INDIA - BLASTS: Indian police say a series of near simultaneous blasts rocked courthouses in three cities in Uttar Pradesh state today, killing at least 10 people. Officials have not given figures for the number of people wounded in the explosions in the northern cities of Lucknow, Varanasi and Faizabad. An official in Uttar Pradesh (Brij Lal) said seven were killed in the deadliest blast in Varanasi. India's junior home minister (Sriprakash Jaiswal) said he believes extremists might have planned the attacks in order to spread terror.
LEBANON POL: Lebanon could descend further into a political crisis today if rival Lebanese factions do not resolve a year-long power struggle and agree on a candidate for president. French, Italian and Spanish foreign ministers have so far failed in their efforts to mediate between the bitterly divided political rivals and conclude an agreement before midnight. That is when the term of pro-Syrian President Emile Lahoud ends. But sources close to the talks predicted a parliamentary session scheduled for later today to vote for Mr. Lahoud's successor probably will be canceled.

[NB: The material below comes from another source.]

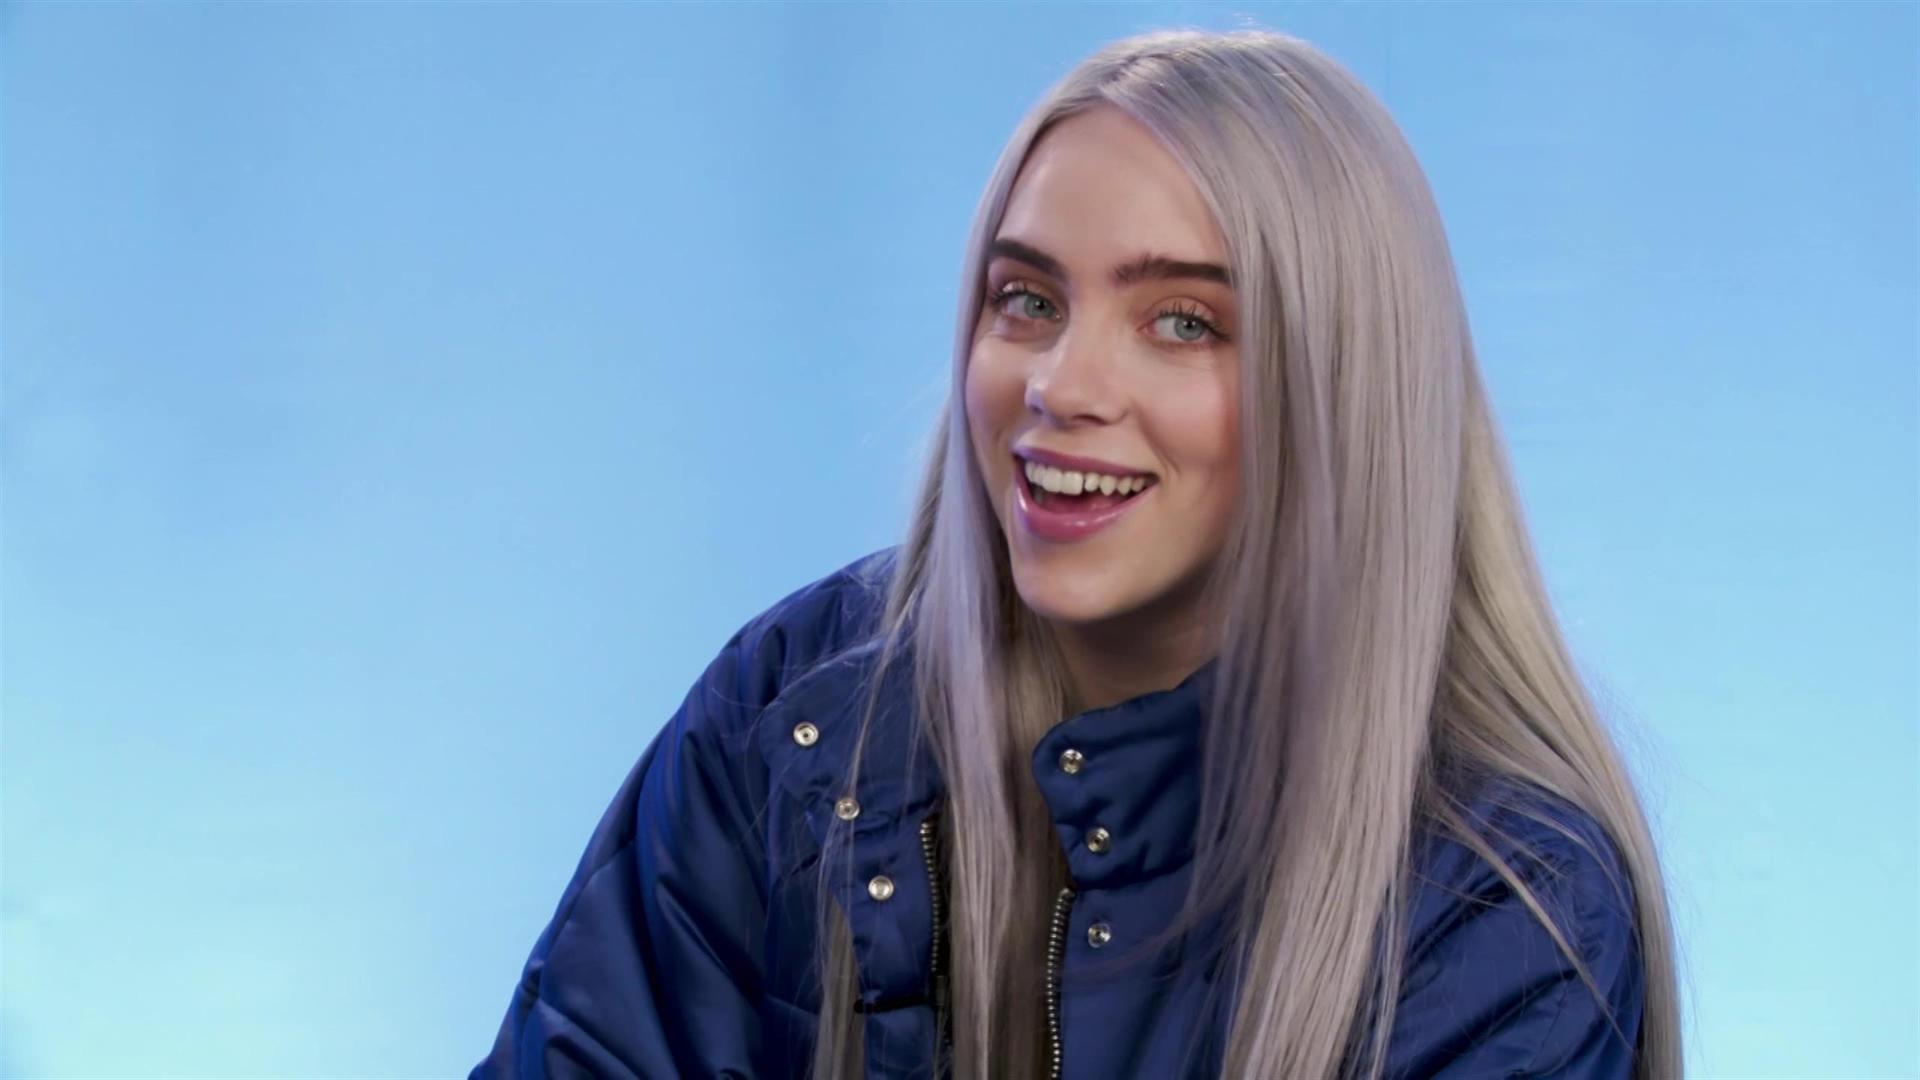 OMG billie with blue hair and then billieeilish

AUSTRALIA - ELECTION: Australian Prime Minister John Howard is warning voters that Australia will fundamentally change if his 11-year government is voted out of office in Saturday's election. Mr. Howard appealed to voters today, saying that if they think the country is heading in the right direction, they should not put that at risk by changing the government. The prime minister and his conservative ruling party face opposition Labor Party leader Kevin Rudd, a former diplomat who -- according to public opinion polls -- may win on Saturday.
NORTH KOREA - POL: Media in South Korea are reporting that North Korean leader Kim Jong Il has appointed his brother-in-law to the powerful post of chief of internal security. Jang Song Thaek was once considered to be one of Mr. Kim's closest aides, but he was ousted from the country's inner circles in 2004. Officials are not saying why Jang is now being offered a powerful post. Jang previously had been seen as a possible successor to the North Korean leader. At the time he disappeared from the political scene in 2004, reports said he was critical of the country's economic policy.
MONGOLIA - POL: Mongolia's parliament has elected ruling party chief Sanj Bayar as the country's new prime minister. The 51-year-old lawyer received nearly unanimous approval Thursday from lawmakers in the 76-seat parliament. Bayar has promised to fight corruption in Mongolia since being named head of the ruling Mongolian People's Revolutionary Party last month. The party leads a coalition government that has a narrow parliamentary majority. Mongolia's previous prime minister, Miyegomba Enkhbold, resigned after losing the support of ruling party members. He had been in office since January 2006.
BLACK FRIDAY: Retail department stores across the United States are hoping for large crowds today, the first day of the annual Christmas shopping season. Commonly known as "Black Friday," the day after the annual Thanksgiving Day celebration brings out massive numbers of shoppers frantically looking for discount sales or a chance to buy the latest toy or electronic game. But in recent years, many department stores have opened on Thanksgiving Day itself, or in the pre-dawn hours of "Black Friday." This season, retailers are hoping across the board price cuts will attract consumers worried about the current state of the U.S. economy, which as been battered by a slumping housing market and rising oil and gas prices.